More than two dozen funds classified as Article 9 under the EU SFDR own shares in companies accused of being linked to the persecution of Uyghur Muslims in China.
A new report by Hong Kong Watch and Sheffield Hallam University named a series of companies with alleged links to repression and forced labour of Uyghurs, and found that large asset managers and prominent pension funds in the US and UK have significant holdings in them via passive funds.
Analysis by Responsible Investor of 12 of the 13 companies listed in the report shows that all of them appear in funds classified as Article 9 under the EU SFDR, the strictest level of sustainability reporting, with 26 separate Article 9 funds having holdings in at least one of the companies identified.
The firms appear most commonly in funds tracking a series of Climate Transition and Paris-aligned benchmarks from MSCI and Solactive, as well as broad market-based indices such as the MSCI China Index, MSCI Emerging Markets Index and MSCI All-Country World Index ex-US.
The report divides firms into two groups: those that have “obtained Uyghur labourers through state-sponsored labour transfers”, and those that have helped in the construction of repressive infrastructure in Xinjiang.
The former cohort includes Hoshine Silicon, Xinjiang Goldwind Science and Technology and Foxconn Technology, which the report alleges has received hundreds of Uyghur workers, with staff at its Zhengzhou factory reportedly required to work 100 hours of overtime a month. The report further alleges that Foxconn’s Uyghur workers are put under constant surveillance. Hoshine is named by US Homeland Security as being an entity involved in forced labour in Xinjiang, and the importation of its silicon into the US is banned.
In a lengthy statement on Twitter, Foxconn said it “categorically refutes allegations of forced labour” in its operations.
Companies alleged to have supported the construction of repressive infrastructure in Xinjiang include China Railway Group, which is accused of building a prison for Uyghurs convicted of crimes relating to practising Islam, and BGI Genomics, which has allegedly collected minority biometric data non-consensually.
According to Morningstar data, the most commonly held company is Xinjiang Goldwind, a wind turbine manufacturer which the report claims discussed labour transfers from Xinjiang. The report notes it is “unclear if the transfers occurred, but it is likely”. The company appears in 18 of the 26 funds.
Lens Technology, an electronics manufacturer, stands accused of receiving the transfer of thousands of Uyghur labourers from Xinjiang to a factory in Hunan province. It is in 13 funds.
Two Northern Trust transition funds which track MSCI indexes are exposed to the highest number of companies on the list, with one holding nine of the 12 companies examined and the other eight. The Handelsbanken Emerging Markets Index fund, which tracks an ISS/Solactive index, also holds nine.
A spokesperson for Handelsbanken said it used an external data provider to screen for breaches of international norms, and that this had not yet indicated that any of the companies were in breach of human rights standards. They said it would flag the report to its provider and that the fund would not invest in any company found to be in breach.
The Amundi IS MSCI Emerging ESG Broad CTB fund holds six of the 12 companies. Amundi has three other funds tracking MSCI Paris-aligned benchmarks which hold Xinjiang Goldwind.
Hernando Cortina, head of ISS ESG’s index strategy, told RI that its methodology issues a red flag for companies with verified violations of the UN Global Compact, which results in index exclusion.
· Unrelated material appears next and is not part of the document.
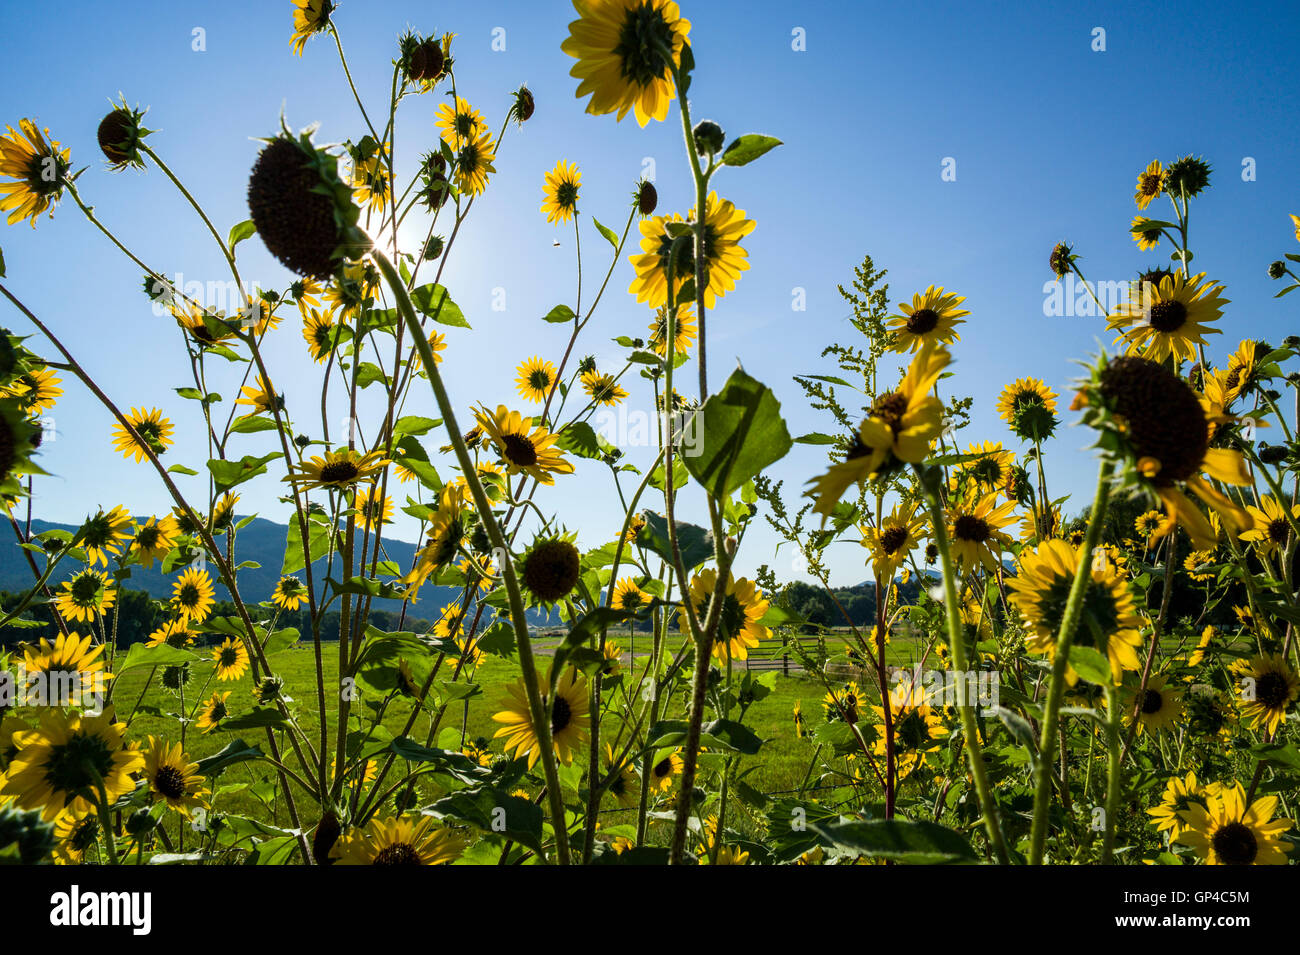 Common Sunflower; Helianthus annuus; Asteraceae; CR108; Salida; Colorado; USA - Stock Image

On the companies linked to Uyghur human rights violations, he said that, although they are currently being monitored by the index provider, they have not been excluded from the indices as there is currently “no verification” of the reported violations.
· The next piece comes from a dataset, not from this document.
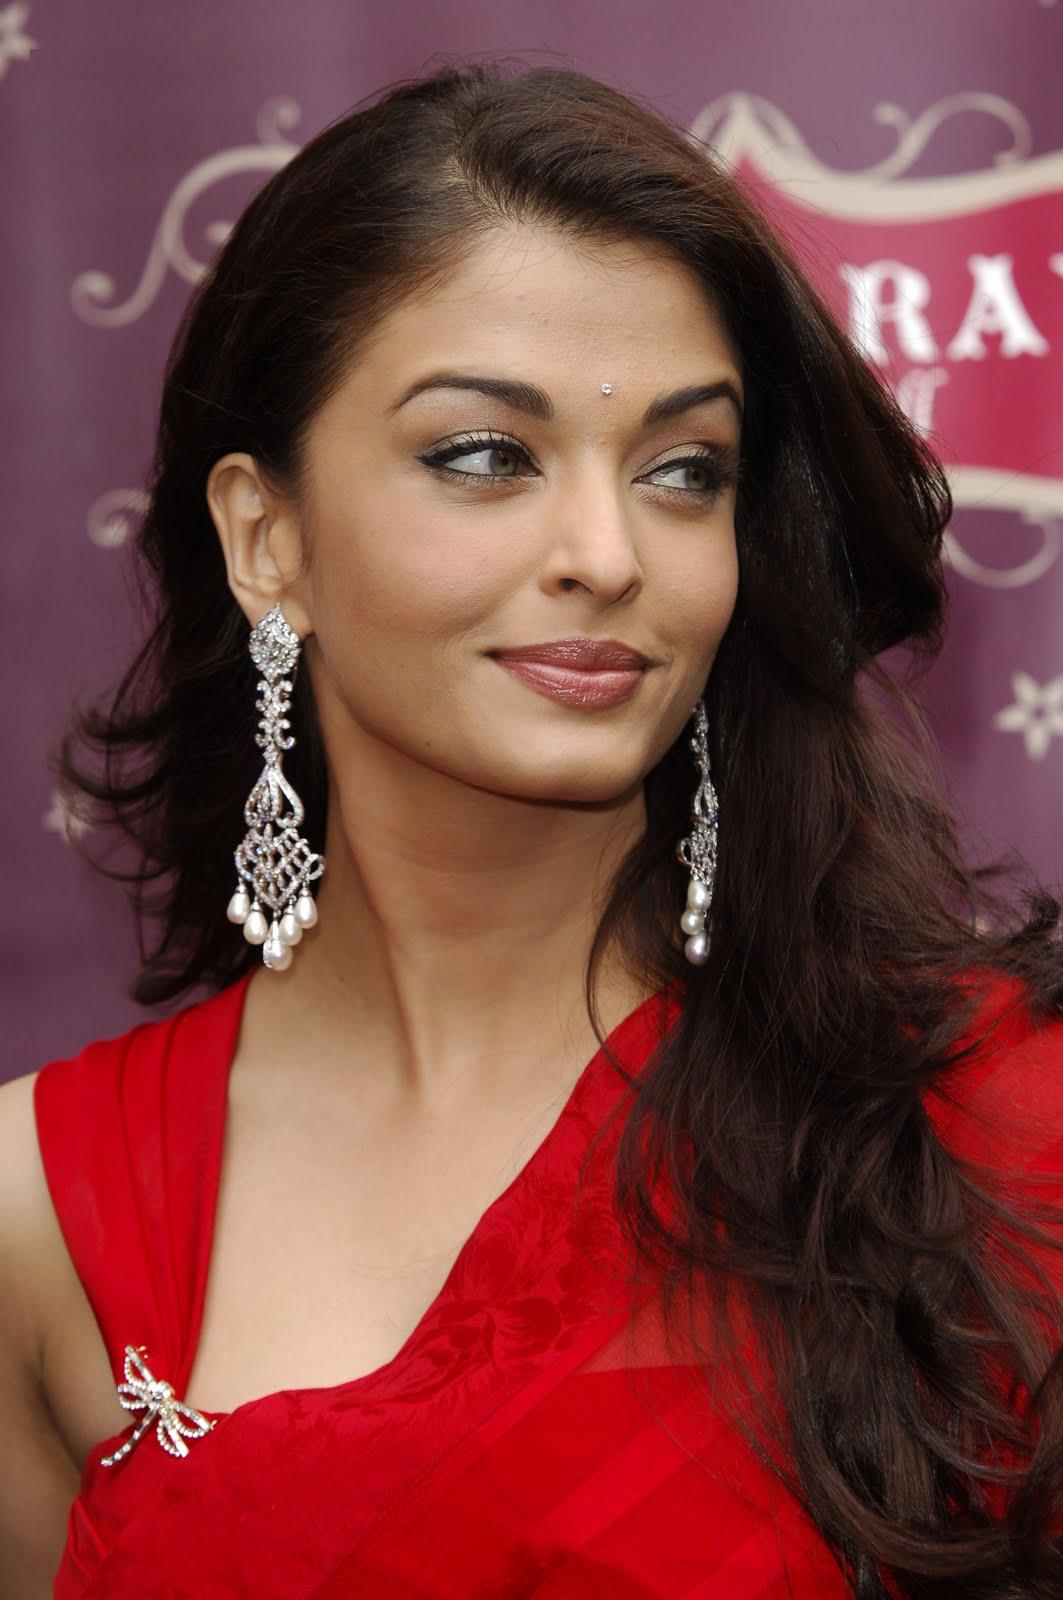 http://2.bp.blogspot.com/-z2xVlZZGekA/TmpyVxGB3qI/AAAAAAAAF_0/b5eplkD2TEI/s1600/Bollywood+actress+super+images1.jpg
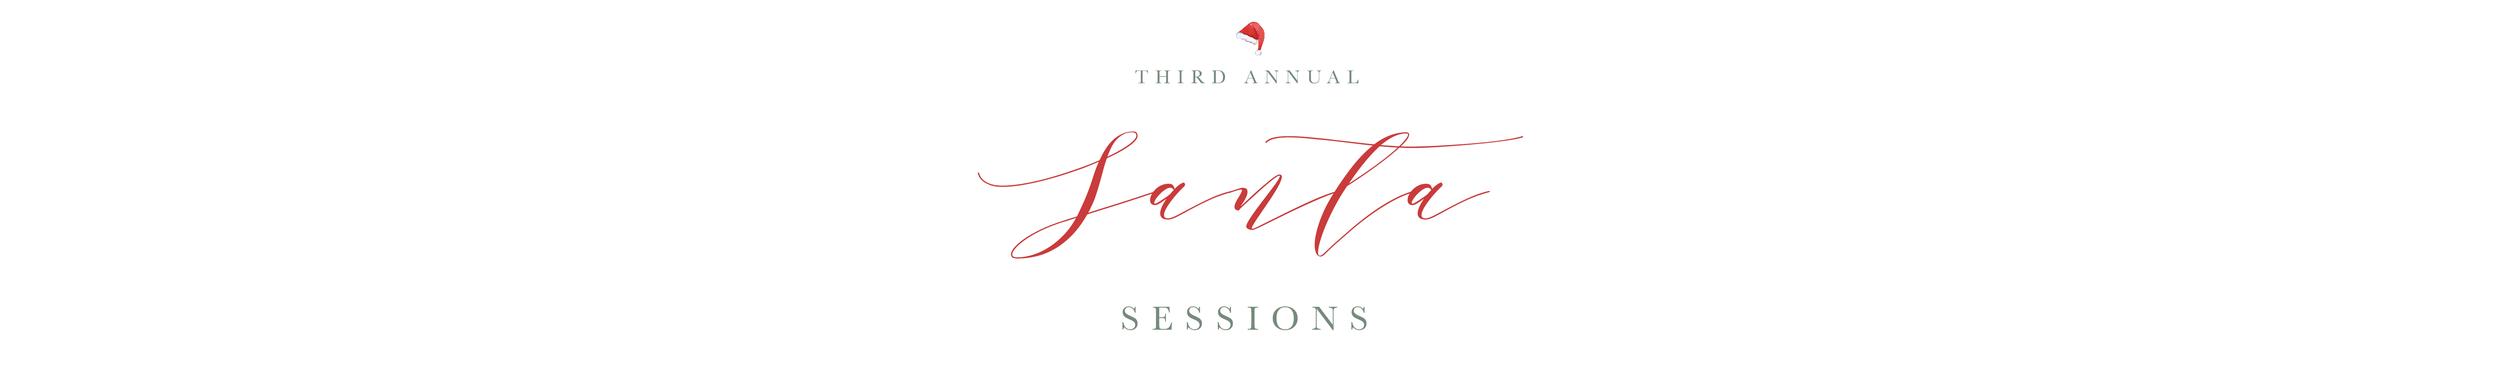 santa_mini_sessions.png

A spokesperson for MSCI said: “MSCI ESG Research offers investors a product that identifies companies involved in ESG controversies, based on actual or alleged involvement in adverse impact activities as reported by third-party stakeholders, and assesses those controversy cases in line with a rules-based, publicly available methodology.”
They added that allegations of involvement in the Xinjiang issue are assessed in line with the methodology.
Many of the funds track Paris-aligned or Climate Transition benchmarks, whose main aim is to deliver a reduction in financed emissions versus their vanilla equivalents. Such funds are often classified as Article 9, although there have been indications that they may have to be reclassified when stricter reporting standards come in to force at the start of next year. One fund on the list has already notified shareholders of an intent to do so.
Responding to RI’s analysis, Anita Dorett, director of the Investor Alliance for Human Rights, said: “Any fund, and especially those prioritising sustainability, must conduct ongoing human rights due diligence to ensure that the constituent companies in those funds are not connected to actual or potential salient human rights risks. Companies connected to the egregious human rights violations in the Uyghur Region have no place in Article 9 classified funds.”
Investors have been increasing scrutiny of some companies on the list. In September, UK-based asset managers Schroders and abrdn divested large stakes in surveillance firm Zhejiang Dahua Technology, which appears in five Article 9 funds.
No other company or investor had responded to requests for comment at the time of publication.